BACKGROUND OF THE INVENTION
An animal and vegetable oil as a lubricating oil has hitherto been used for a direct mill rolling oil and the like. However, in most cases, a lubricating oil having a mineral oil as a main component has been used. This is because the animal and vegetable oil has the following problems: it has a lower oxidation stability in comparison with the mineral oil. As the animal and vegetable oil is deteriorated, sludge is produced and the viscous animal and vegetable oil adheres to the equipments and the like and, thereby, troublesome cleaning becomes necessary.
However, as interest in environmental problems recently grown worldwide lubricating oil having biodegradability has been desired. For example, in the case of those used for ships, the use of the lubricating oil having good biodegradability makes a contribution to the protection of the environment, in view of the leakage into the sea by some rare accident. In addition, since the lubricating oil, for chain saw and the like, used in the forest is liable to scatter into the soil, the lubricating oil having the biodegradability is inevitably desired.
In such background, as the lubricating oil having the biodegradability, a triglyceride oil such as an animal oil and a vegetable oil is suitable.
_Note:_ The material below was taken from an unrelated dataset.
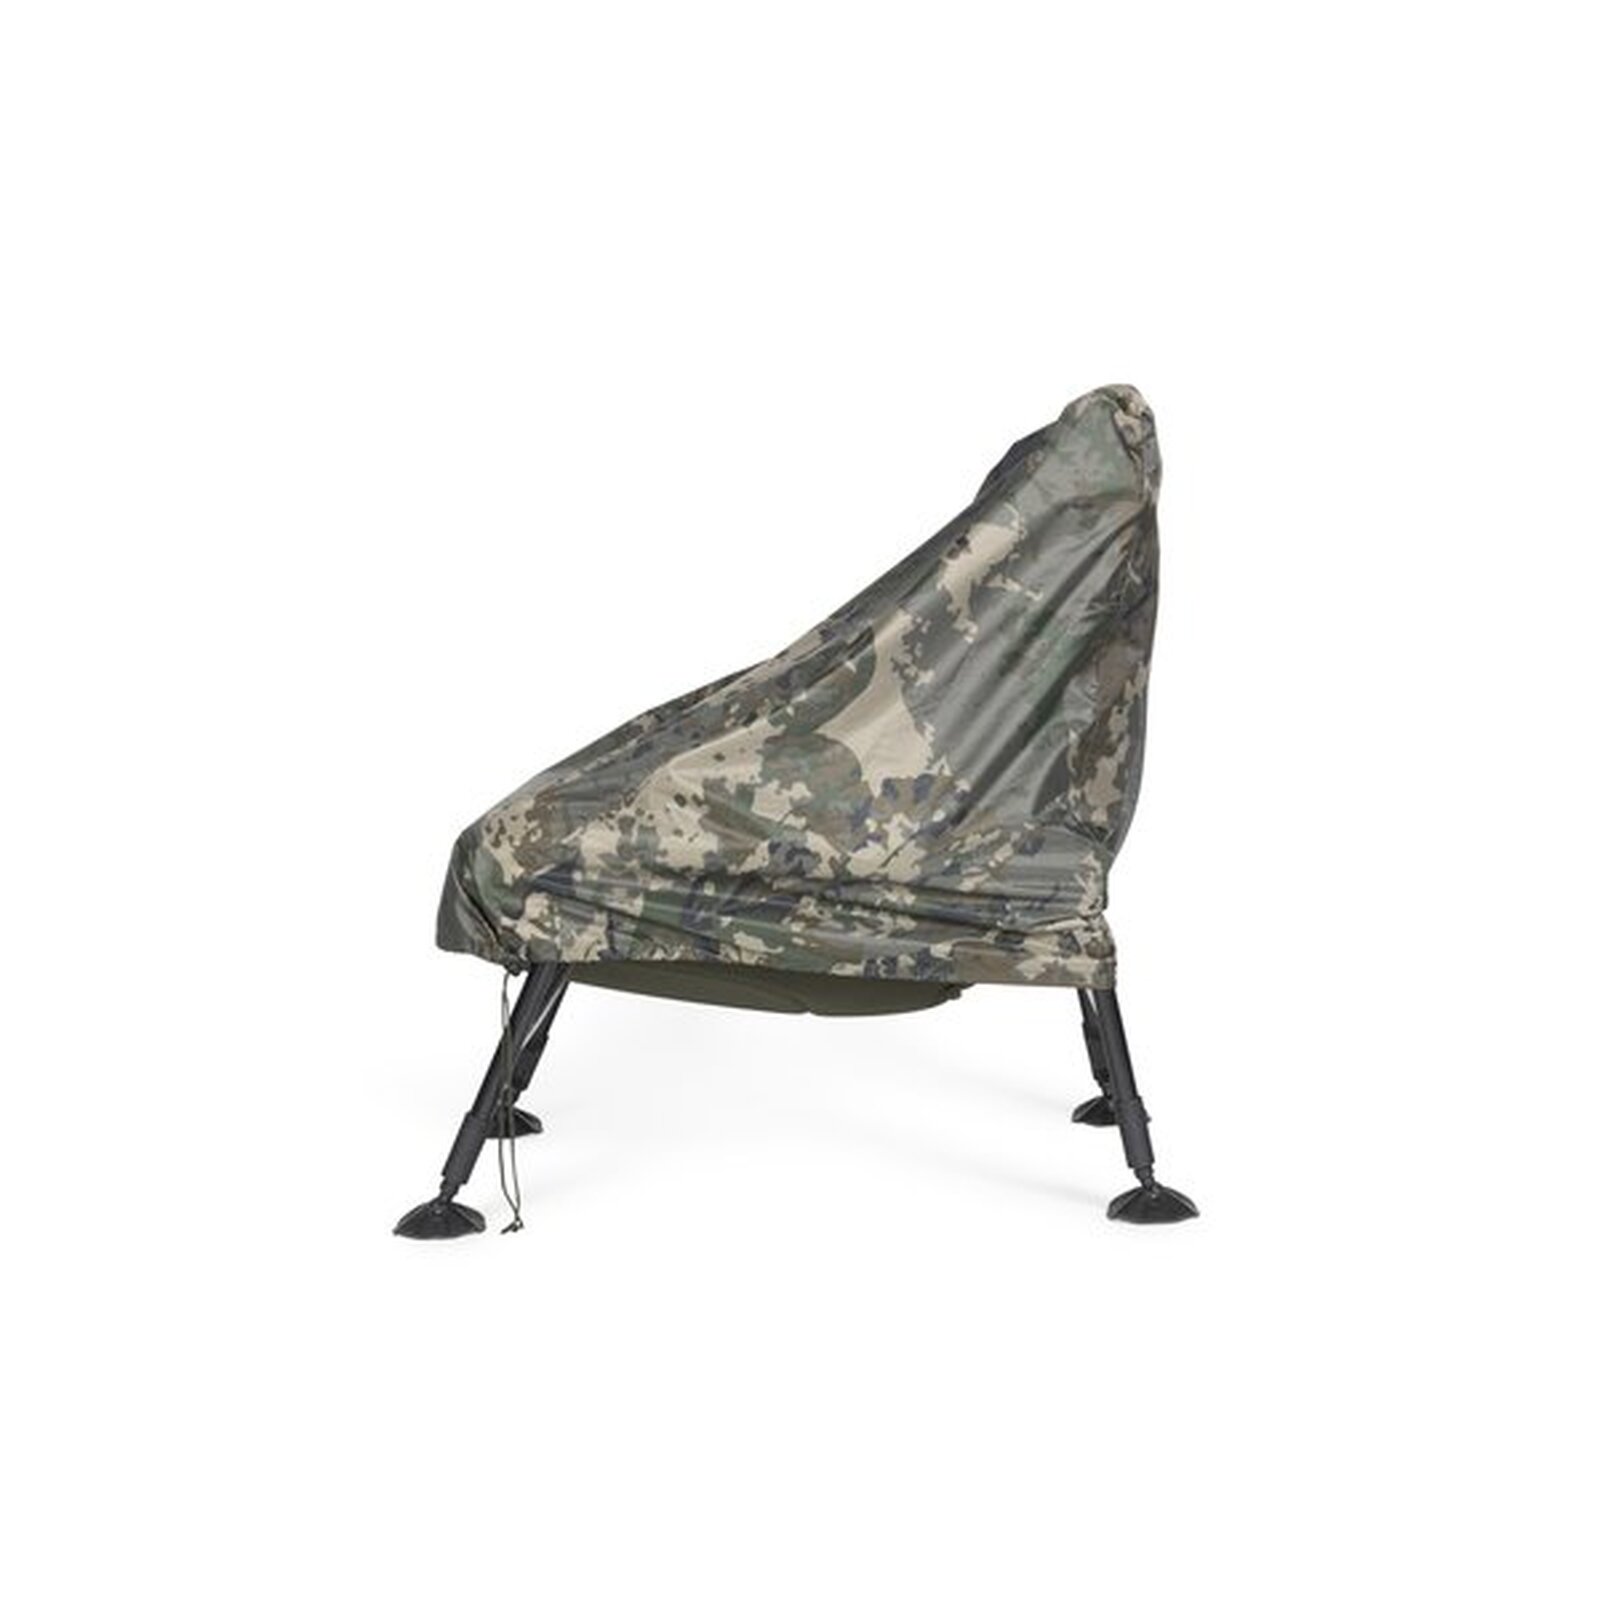 Nash Indulgence Universal Waterproof Chair Cover Camo

However, since the animal oil has its unique offensive smell, it has been disliked. On the other hand, it is considered that the vegetable lubricating oil which has no such the offensive smell will be increasingly widely used in the future.
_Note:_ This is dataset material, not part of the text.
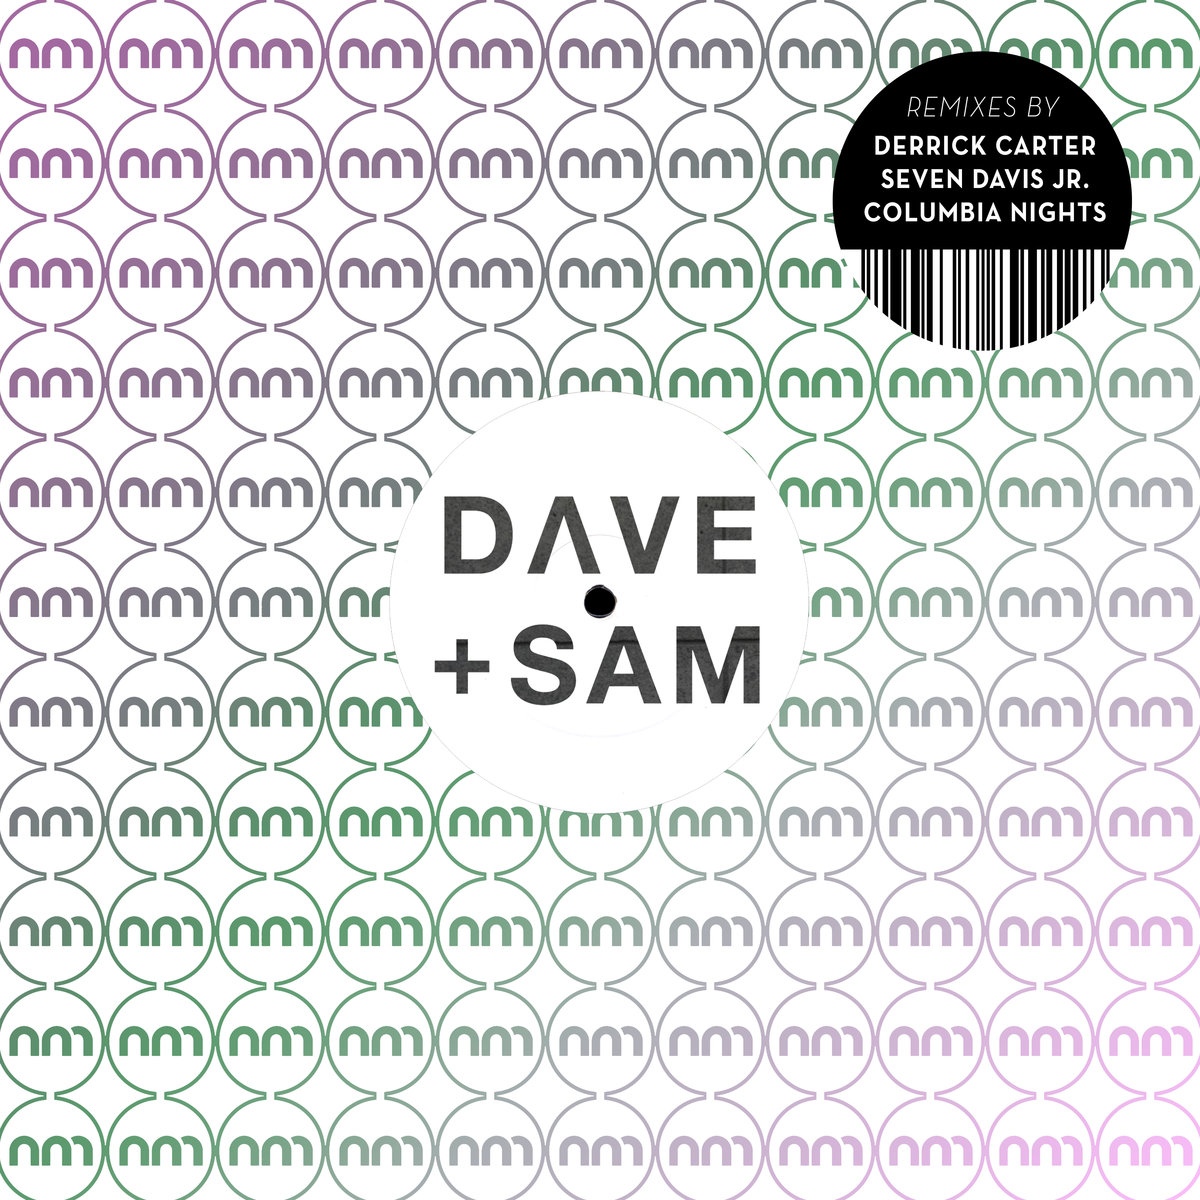 Dave + Sam/YOU DA SHIT REMIXES EP 12"

The animal and vegetable oil as a substitute for a mineral lubricating oil requires the following requirements: having a lower melting point, 2) having a higher viscosity at a working temperature, 3) having oxidation stability.
More particularly, 1) requires that the animal and vegetable oil be completely liquid around 25.degree. C. in view of the working environment. Otherwise, the melting working of the lubricating oil is needed and the workability is lowered. 2) is required because when the viscosity is higher, the lubricating oil is difficult to be scattered and, therefore, the amount of the animal and vegetable oil to be used can be decreased. 3) is required because the oxidation stability is related to the duration of the lubricating property and the stability during the storage.
As regards these requirements, several proposals have been made. However, all of them do not satisfy the above three requirements. For example, JP-A 4-103694 discloses a chain saw lubricating oil wherein a wax and a animal and vegetable hardened oil are added to an unpurified animal and vegetable oil having the iodine value of 80 to 140. In the chain saw lubricating oil, the viscosity in the working region is improved by adding the animal and vegetable hardened oil to the liquid oil and, as the result, a good lubricating property is observed indeed. However, there still remains the problem that the melting point rises by adding the wax and the hardened oil and the oxidation stability is not good.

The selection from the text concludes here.